With a fresh script, songs, and creative momentum, the production team held auditions in August, and the week after rolled into five weeks of rehearsals. Vongsay reflects with pride: “The actors, the director, it was all them—they really brought it, so much heart and commitment … they were playing more than just a character. They were embodying the stories of our elders and survivors.”
The best part, Vongsay says, is hearing and feeling the resonant impact the musical had on her community. Some audience members shared that similar traumatic stories have happened in their family. Others were able to use the musical to talk to their family about the war for the first time.

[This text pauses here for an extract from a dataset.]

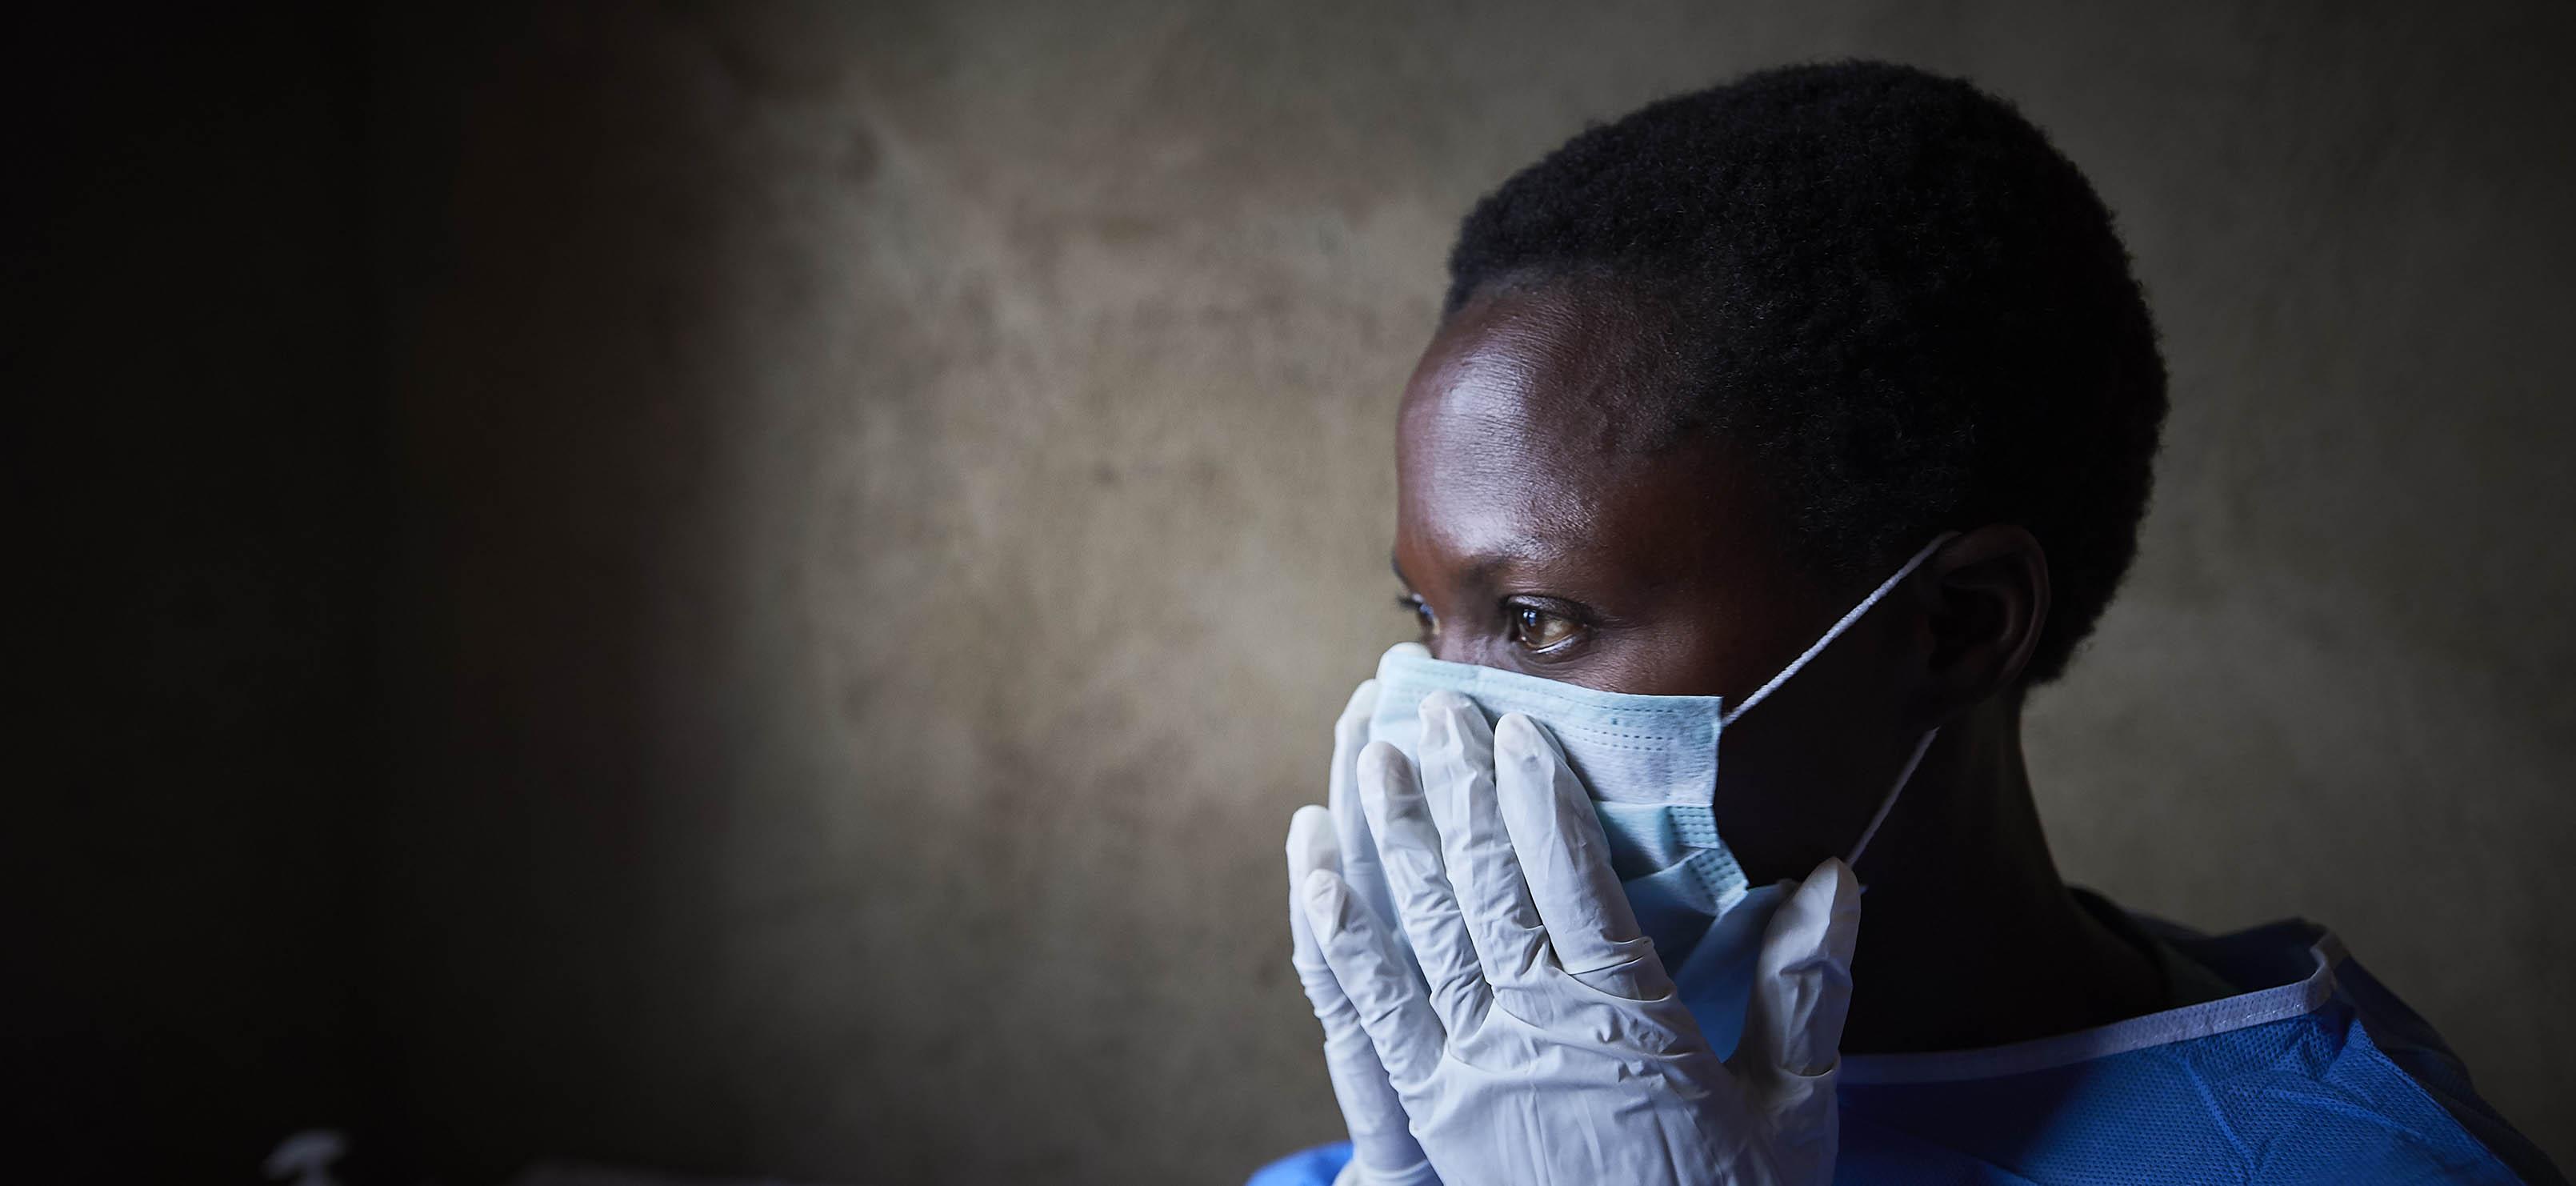 15 novos casos confirmados de Coronavírus no Congo

Vongsay says she feels encouraged to integrate community feedback and continue developing In The Camps. “Something that I’d love to do is to get funding so I could bring the cast and crew to Laos with me,” she says, using that time to research and have conversations that would honor that history. Phase three, she hopes, will draw inspiration from this trip to expand the musical to an hour and a half and to partner with a producing theater.
Although Southeast Asian performance artists have long existed in Minnesota, Vongsay argues that “for a long time, so many outsiders told our stories for us, wrote our stories for us, [and] performed our stories for us.” However, Southeast Asian artists have combated discrimination in theater spaces by self-producing work that tells their stories.
Vongsay hails from this lineage.
“I feel very optimistic about Southeast Asian stories being on stage. We have the fortitude; we have the business sense to create spaces for ourselves,” she says. “We are not afraid to ask for what we want and need. I see us taking space in American theater, being unapologetic, [and] centering ourselves and our communities.”